Fast forward to the present, and the team has taken their research a step further with MVT. Unlike traditional approaches, this new method evaluates model performance by comparing their responses to the easiest and most difficult images. The research further explores how to interpret and test image difficulty in relation to human visual processing. Using metrics such as c-score, depth prediction, and adversarial robustness, the team found that networks handle more difficult images differently. "While some observable trends, such as more recognizable images being more typical, exist, a comprehensive semantic interpretation of image difficulty still puzzles the scientific community," said Mayo.


For example, in the healthcare field, understanding the complexity of visual information becomes particularly important.

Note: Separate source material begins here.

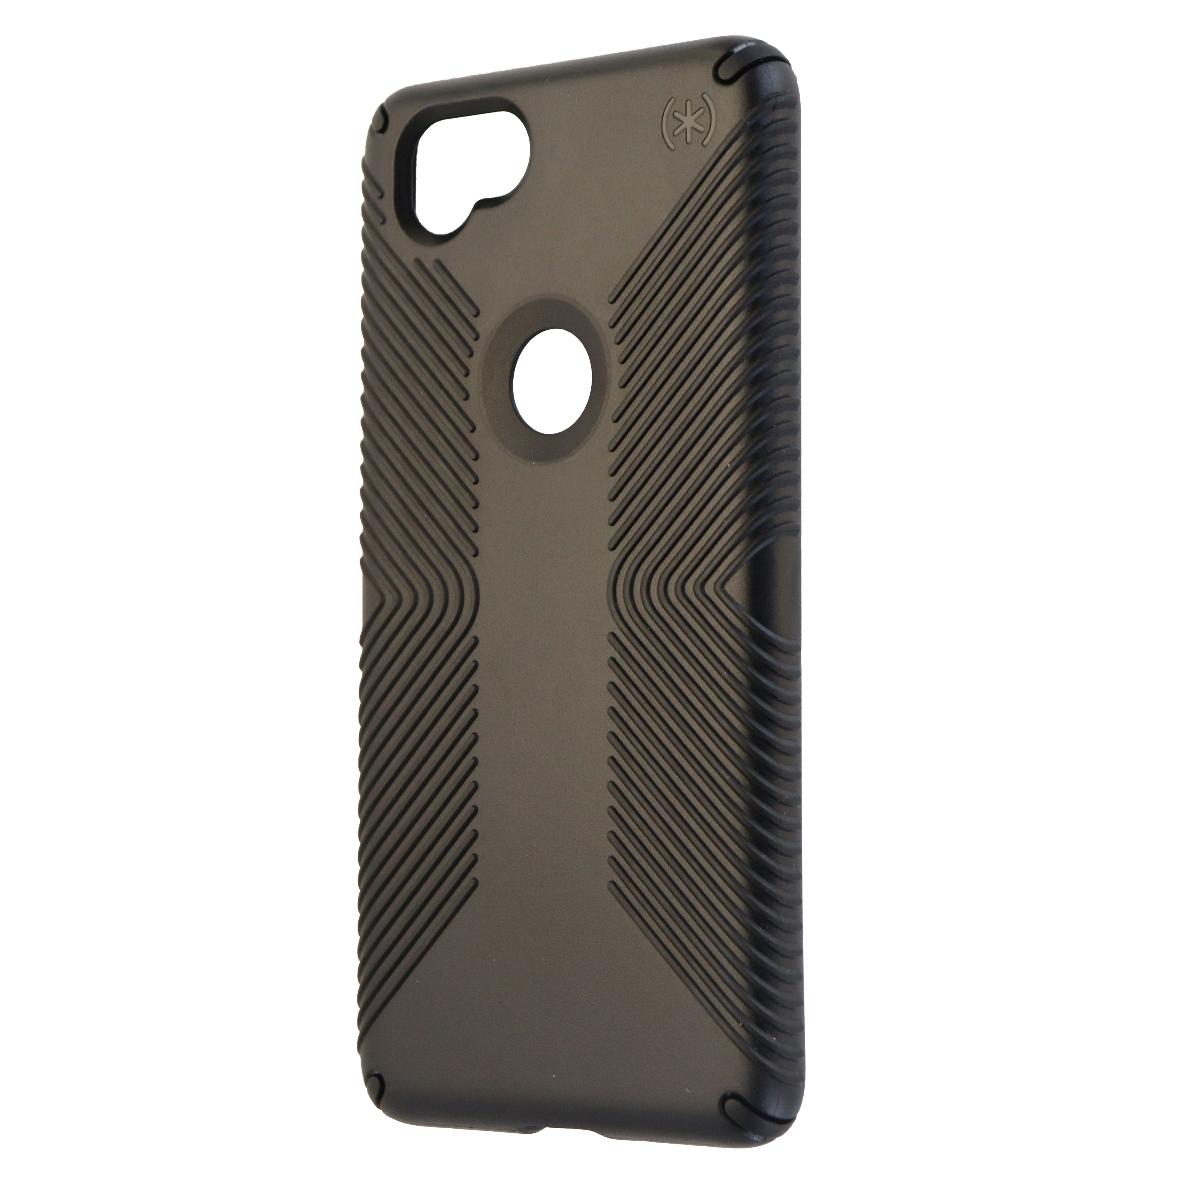 Speck Presidio Grip Series Slim Hard Case Cover for Google Pixel 2 - Black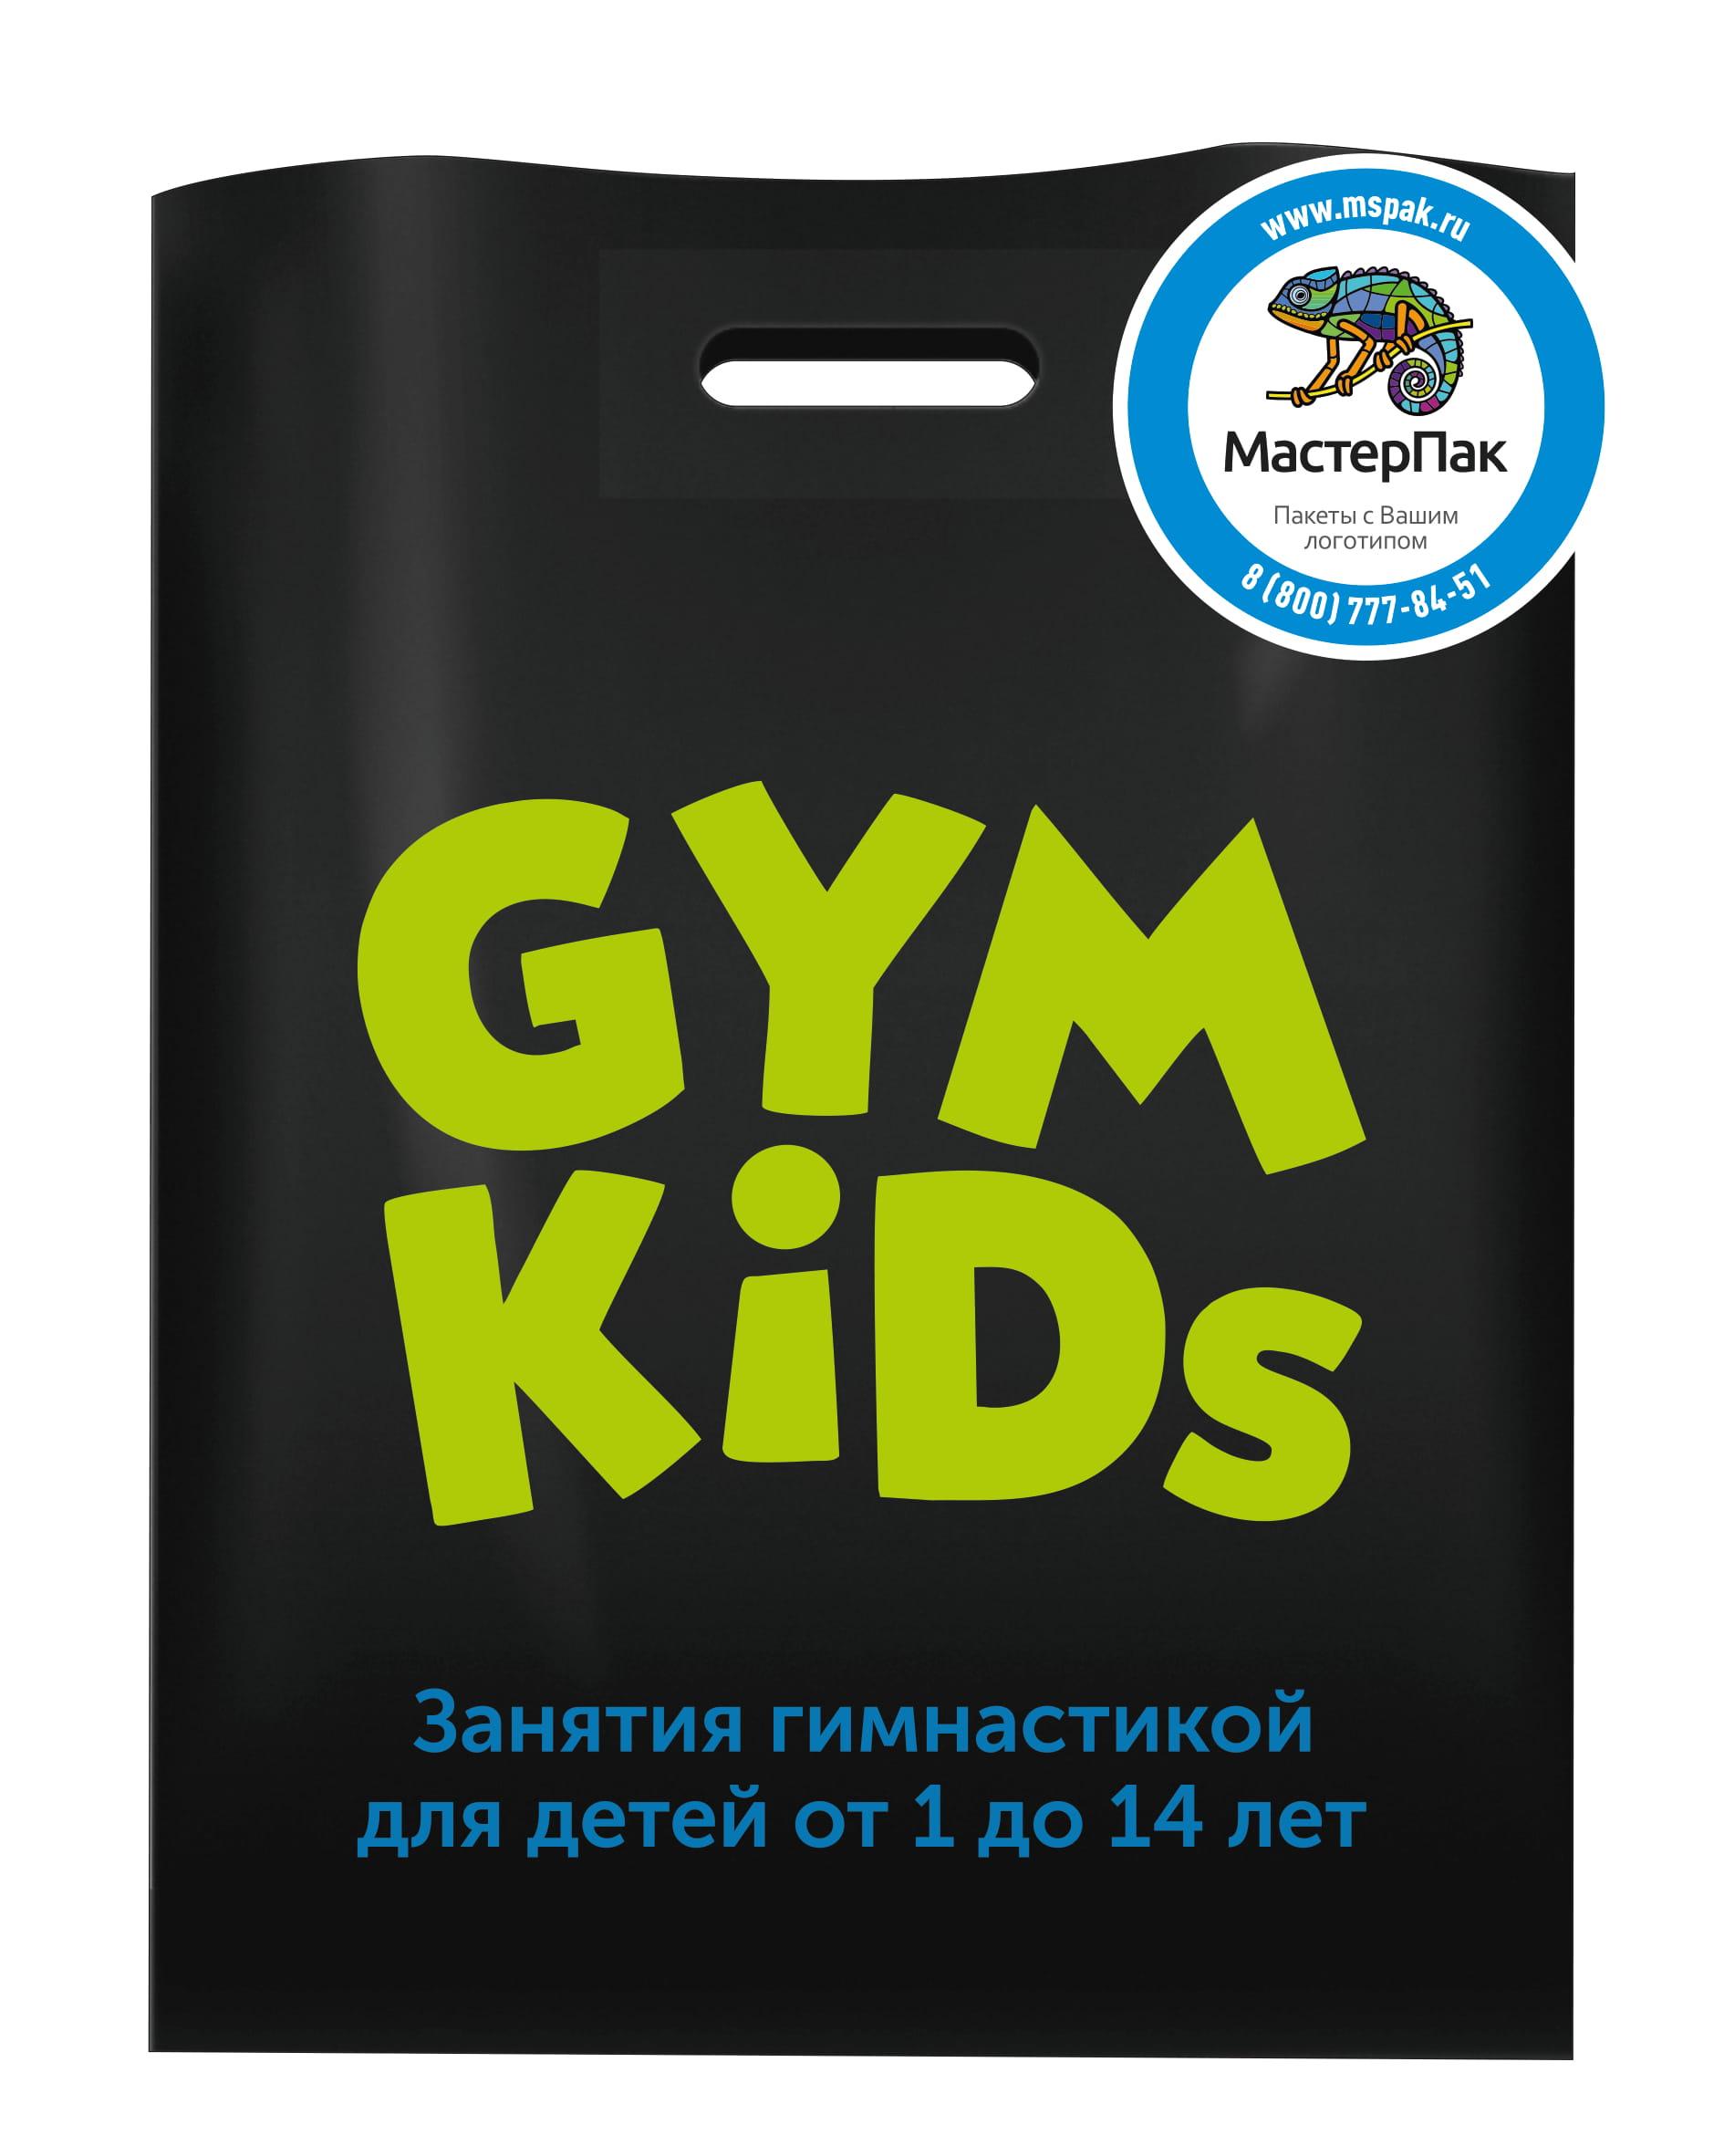 Пакет ПВД черный, с ручкой и логотипом GYM KIDs, Москва, 70 мкм, 30*40

The ability of AI models to interpret medical images, such as X-rays, depends on the diversity and difficulty distribution of the images. Researchers advocate for detailed difficulty distribution analysis tailored to professionals to ensure the evaluation of AI systems based on expert standards rather than layman interpretations.


Towards Human-Level Performance


Looking ahead, researchers are not only focused on exploring methods to enhance AI's predictive image capabilities. The team is investigating the correlation between viewing time difficulty to generate versions of images that are more difficult or easier.


While this research has made significant progress, the researchers acknowledge limitations, particularly in separating object recognition from visual search tasks. The current approach indeed focuses on recognizing objects, excluding the complexity introduced by complex scenes.


"This comprehensive approach addresses the long-standing challenge of objectively evaluating object recognition towards human-level performance and opens up new avenues for understanding and advancing the field," said Mayo. "This work has the potential to adapt the Minimum Viewing Time metric to various visual tasks, paving the way for more robust and human-like performance in object recognition, ensuring models are truly put to the test, and preparing for understanding the visual complexity of the real world."